Мы живем ожиданием чудес,
Невозможных чудес.
Но уходят года
И когда-нибудь вовсе уйдут.
Будем живы!
Когда-нибудь кончится время потерь.
В Райской гавани встанем на якорь
В назначенный час.
А пока будем живы и веселы
Здесь и Теперь.
А алмазы в Раю
Пусть подольше сияют без нас.
Пять утра. Все, конечно, серое, но это иные сумерки. Предрассветные. В них меньше пессимизма, чем на закате.
Я сижу на тахте в прозрачной полудреме, одетая и, кажется, даже обутая. Меня слегка потряхивает. Город Дождя это вам не каменные джунгли Нью-Йорка. В тех можно в конце концов и выжить. Если изучать каратэ, иметь при себе «смит-и-вессон» и не лезть в чужие дела. В Городе Дождя есть и Мастера каратэ и «смит-и-вессоны», но чужих дел нет и быть не может. И если кто-то уходит, то, будьте уверены, в ближайшее время об этом станет известно Охотникам.
Рей осведомлен об этом не хуже меня, но на роль телохранителя он, к сожалению, не годиться. На роль моего телохранителя. Может я и ухожу, но рассудок еще не потеряла, и не предложу ему остаться на ночь «покараулить». Ежу понятно, чем это кончится. Особенно понятно после нашего последнего свидания. Это будет мой бой.

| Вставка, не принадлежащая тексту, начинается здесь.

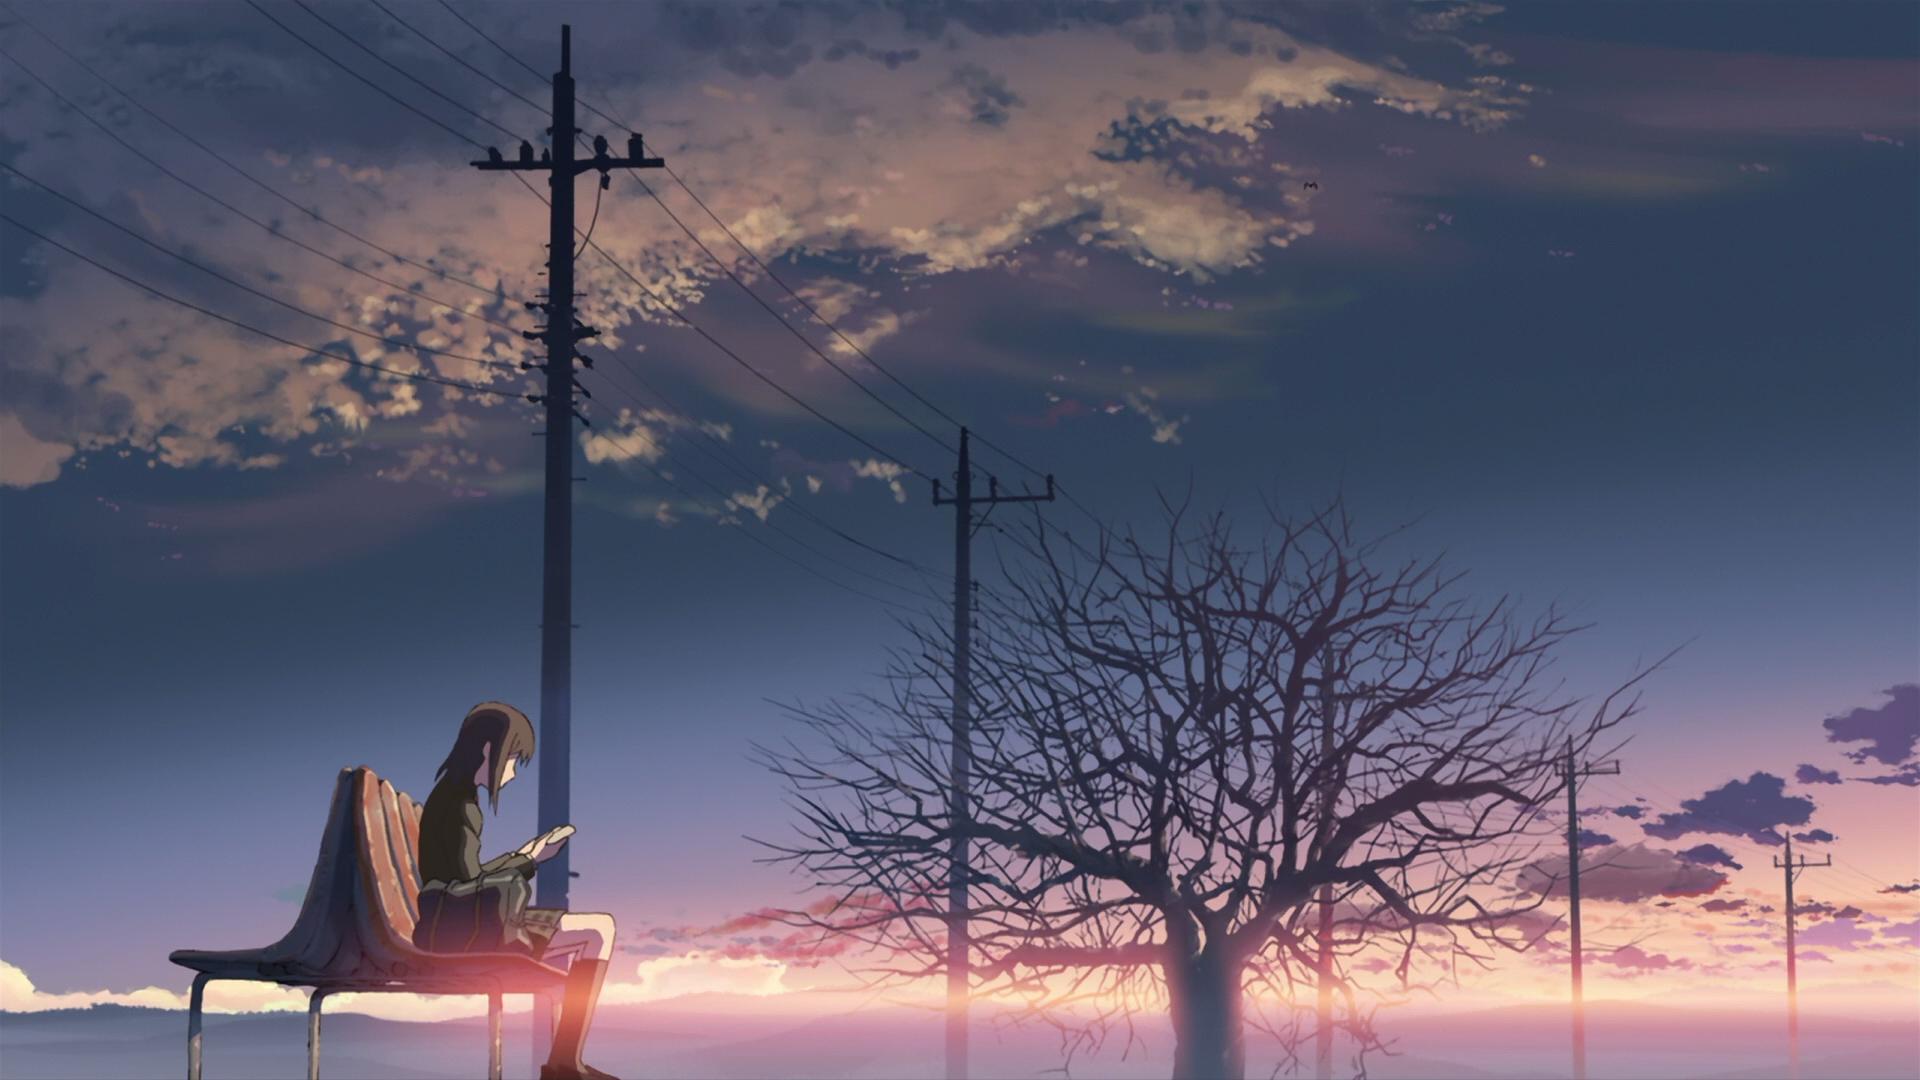 [ANIMAÇÃO] Netflix traz obras de Makoto Shinkai no catálogo

Я знаю все, что положено знать в таких случаях. Но совсем не уверена, что этого достаточно. Потому что «все» почти полностью заключается в одном-единственном совете, из тех, которые легче дать, чем им последовать: "Быть настороже, верить внутреннему голосу и не терять хладнокровия". Это, вместе с парой-тройкой практических советов, и есть мой щит и меч. Не очень то много.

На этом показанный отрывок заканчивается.